Netbooks are still a great deal - idiginous
http://www.scripting.com/stories/2010/04/27/netbooksAreStillAGreatDeal.html
======
jamesbressi
The points are kind of silly. I'm not defending the iPad, only challenging the
neglect on the writer's part to fully "adopt" what he has purchased or is
reviewing and use it correctly. It's just a bit misleading to someone who may
not own an iPad or iPhone or iPod Touch or something with a similar
experience. His points are like saying, "I bought a new Canon Rebel, but my
Nikon lenses don't work." It reads like he is a shill (especially with a snide
comment or so and references to XP, Microsoft, etc). I will pick out 5 points
below:

1\. "The iPad doesn't remember my Facebook password, so when I want to check
Facebook I must reach for the netbook. A small thing you say -- but operating
systems are collections of hundreds of small things, and new operating systems
like the one in the iPad don't have them and old ones like XP do."

A: Use the Facebook app...

2\. "I had pictures in my camera the other day. No way to get them up to
Flickr through the iPad. If I had had the netbook with me, no problem. (I used
my Droid instead.)"

A: Use a wifi sd card? Or, buy the adapter if you must use "USB"

3\. "The netbook has a real keyboard. I'm writing this blog post on it. It's
taken a couple of minutes so far. I'd still be on paragraph 2 if I had used
the iPad. And I'd be entering it on one of my WordPress blogs because my
customized content tools don't and will never run on Apple's new platform.
(Unless they change their mind.)"

A: While I cannot stand the iPad's virtual keyboard, if you are going to do
this task get the keyboard attachment. It's not what it was really meant for,
but if you want to use it more like a netbook or laptop or desktop, get the
keyboard.
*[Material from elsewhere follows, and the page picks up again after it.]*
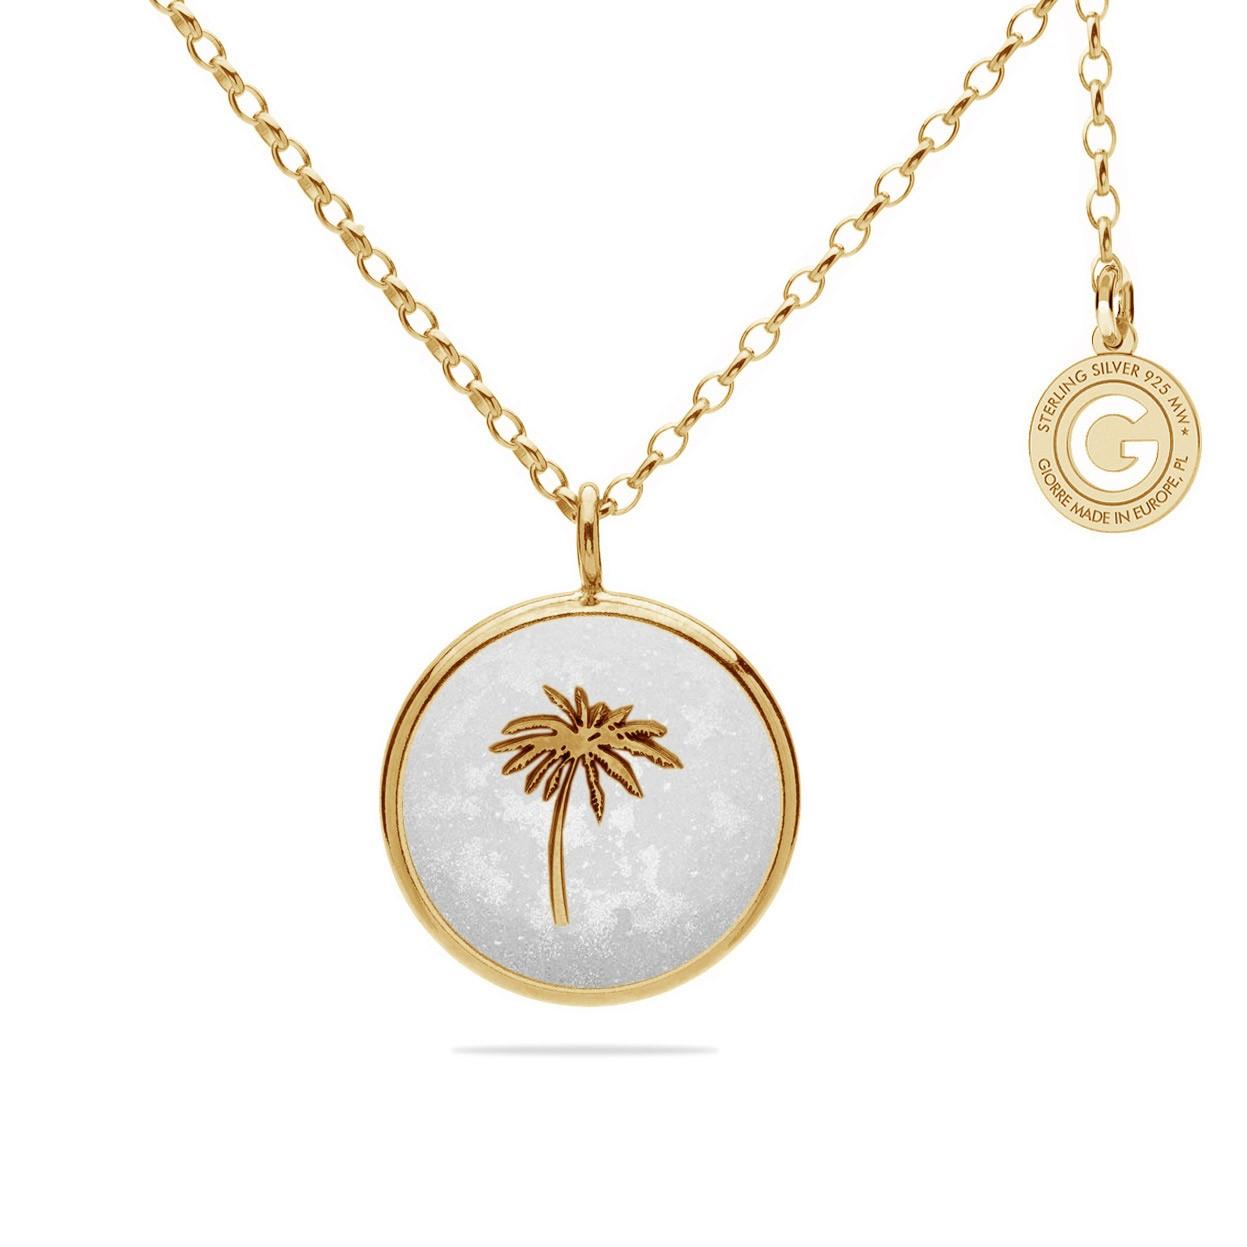 Srebrny medalion palma i biała żywica, srebro 925
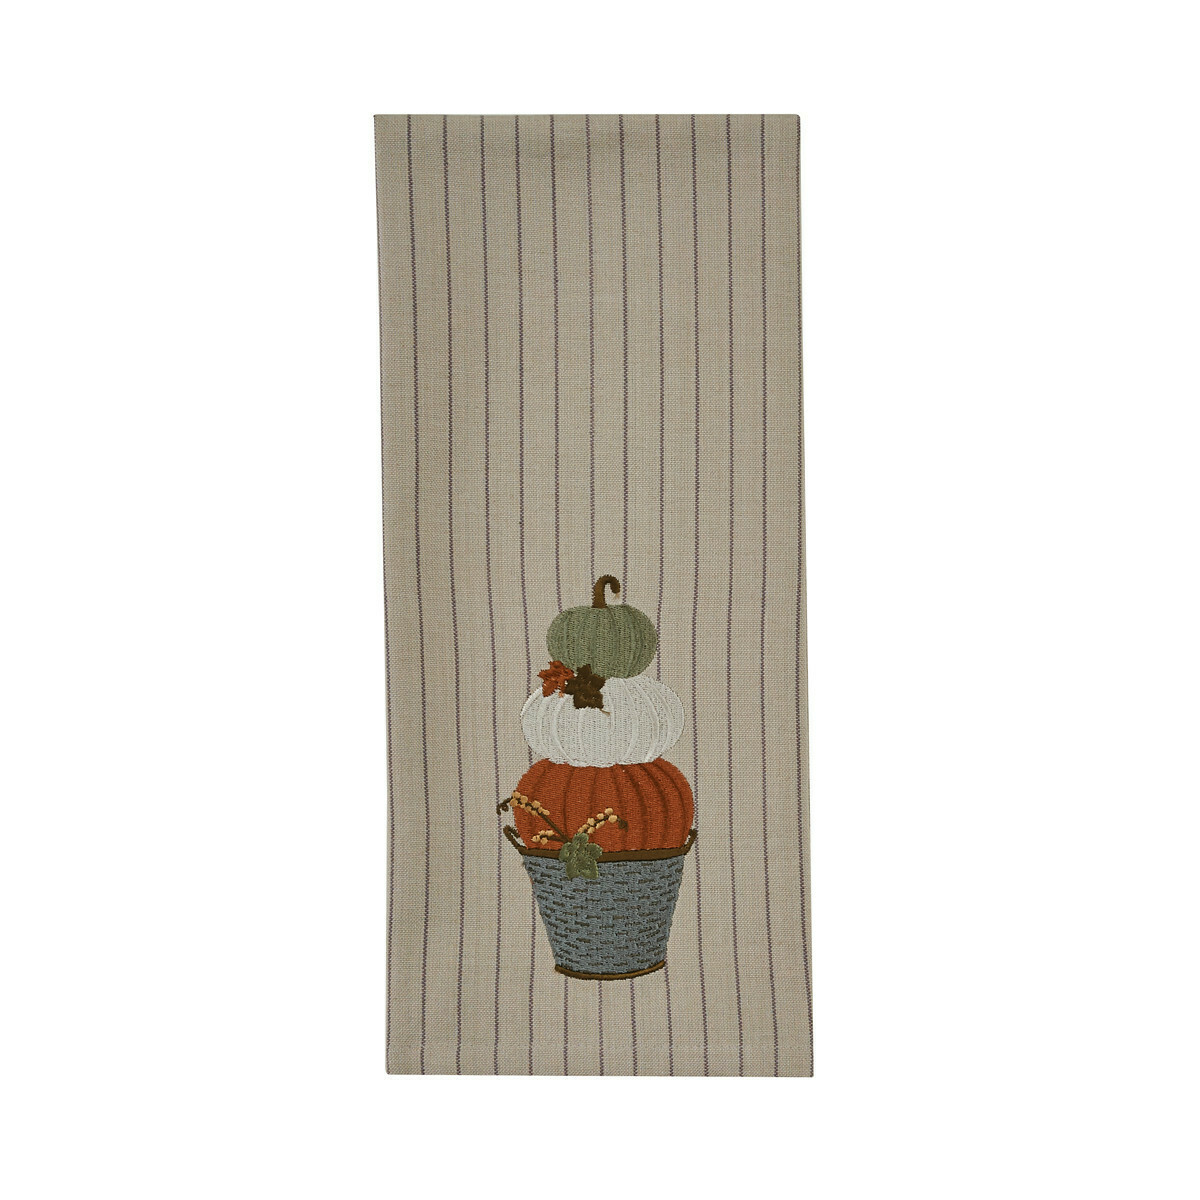 Stacked Pumpkins Embroidered Dishtowel

And, with the real estate of the iPad and the external keyboard, it
is not adding that much more bulk to your travel bag if necessary.

4\. "I hate the font they chose for Safari. How do I change it? There does not
appear to be a way to do that. That was a new feature in Windows in 1995. Or
was it 1994?"

A: This is where it starts to sound ridiculous. I understand his point, but
what was the point in the third sentence? While totally ignoring how to use
this properly, he then moves on to a point and opinion with a jab like this
that make him seem somewhat of a shill.

5\. "Apple has a long way to go before the iPad is a useful tool. Lots of
little things to fix and tweak, and a philosophy that's going to keep the
really innovative stuff flowing elsewhere (where -- not determined yet)."

A: Maybe he has a long way to go before writing a proper and useful review?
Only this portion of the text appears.